Naturally, this drew me to the cat, which immediately ran up to me to be attended to. I backed off and Julie approached and the cat quickly withdrew to the back of the cage. That was it, I couldn’t resist and I was now taking home this beautiful, fat, longhaired calico cat. I began the adoption process and while being interviewed was asked what would I do if I got a boyfriend (I had disclosed that I was single) that was allergic or didn’t like cats. My response to this was simply that it had been my experience that the cats tended to last longer than the boyfriends. I was immediately approved.

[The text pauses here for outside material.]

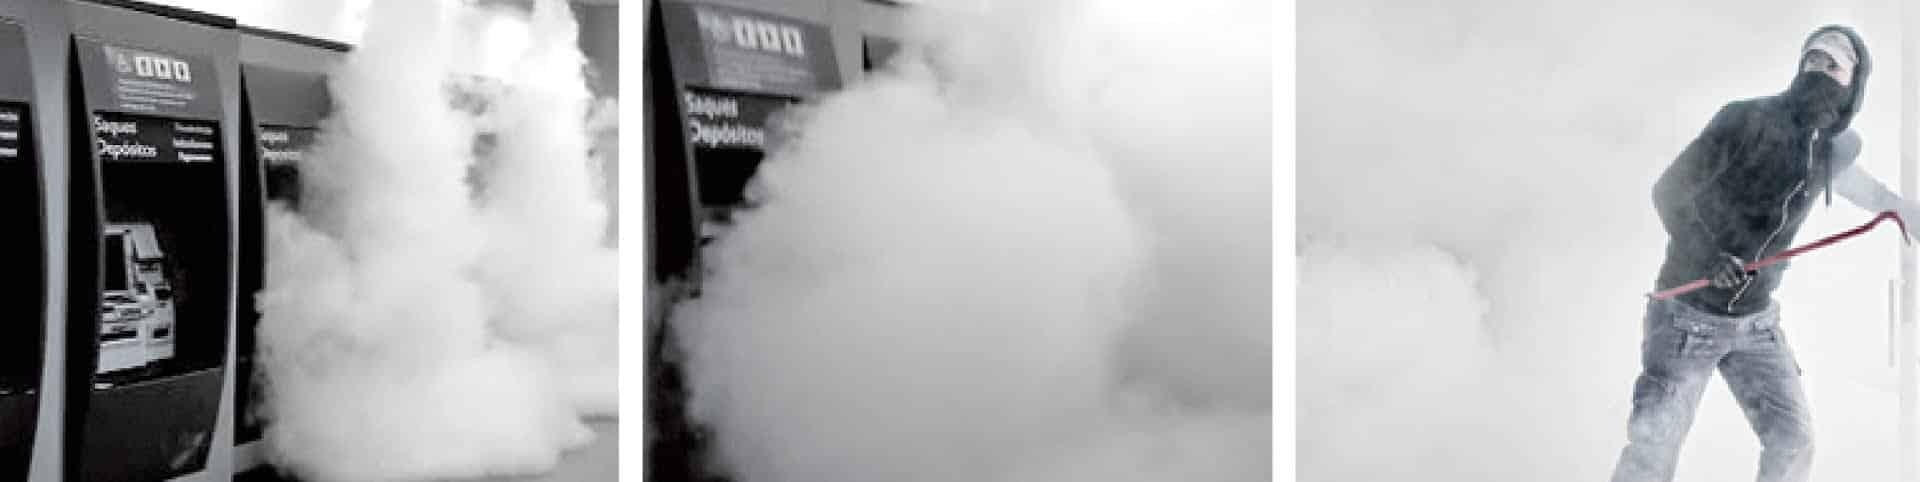 Cañón de Niebla, La respuesta tecnológica a un robo frustrado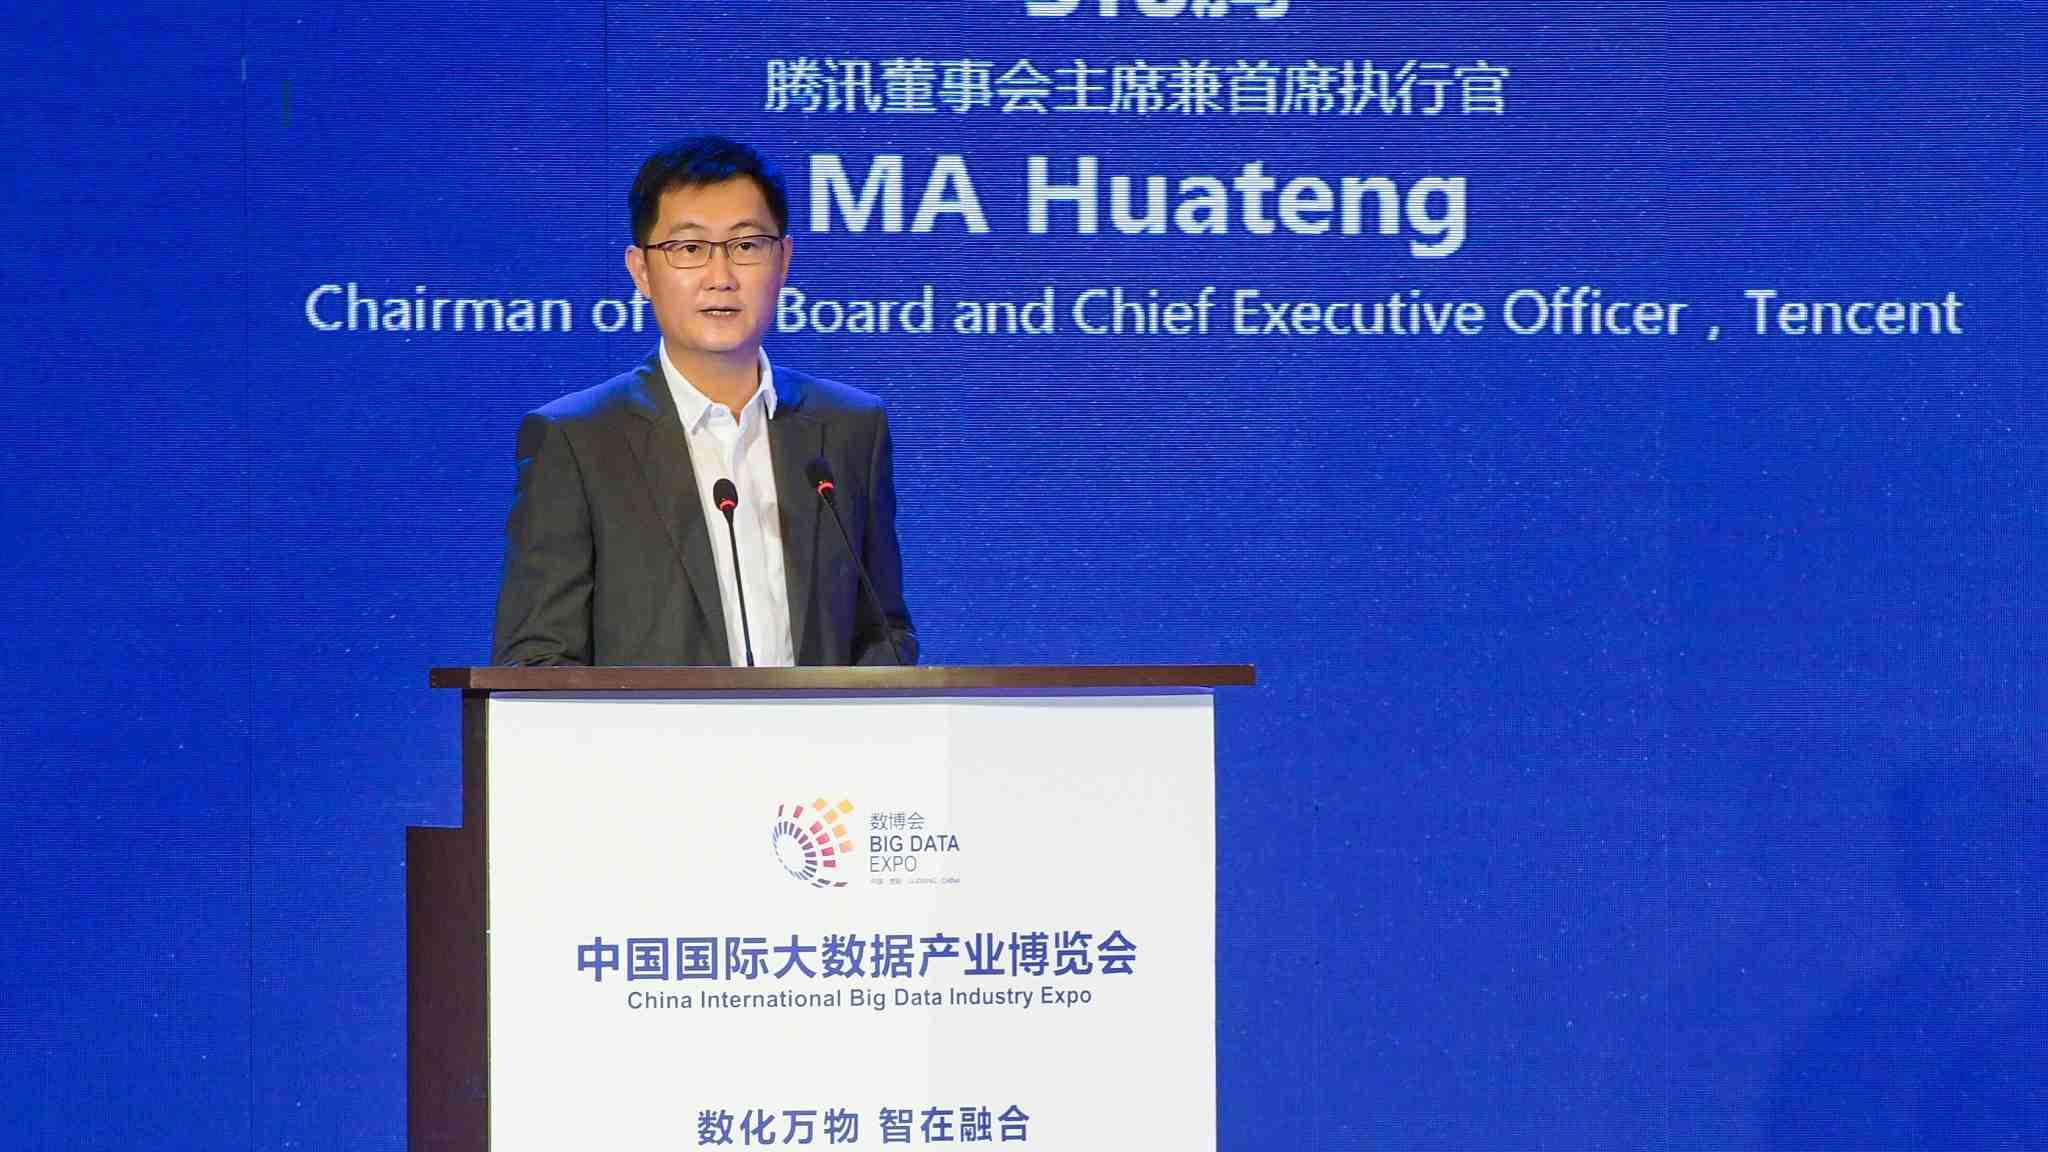 Ma Huateng regains spot in 'world's best CEOs' list

With a happy heart, I went home with my new cat all prepared for the hours of petting and cuddle time we’d share. I went into my apartment, let her out and set up her food, water and litter box areas and decided on a name. Prissy disappeared immediately and I knew it was normal for a cat to take a bit of time to get used to a new home, so I wasn’t worried about it. Where could a cat hide in an apartment without furniture, you ask. That’s easy. In the darkened spare room, at the back of the closet. Finally, after a couple of days she started to come out a bit.

I knew she’d been abused before I got her. I guess she knew I’d be patient with her. Ten years later, I still have Prissy and love her to pieces. Since then three other cats (two with longhair), one dog, a husband and now a baby have followed. She’s never gotten over her timidity, and has only recently started really trusting Jeff. I’ve never forgotten that day, when I was adopted by a cat, that was everything I never knew I always wanted – my Prissy.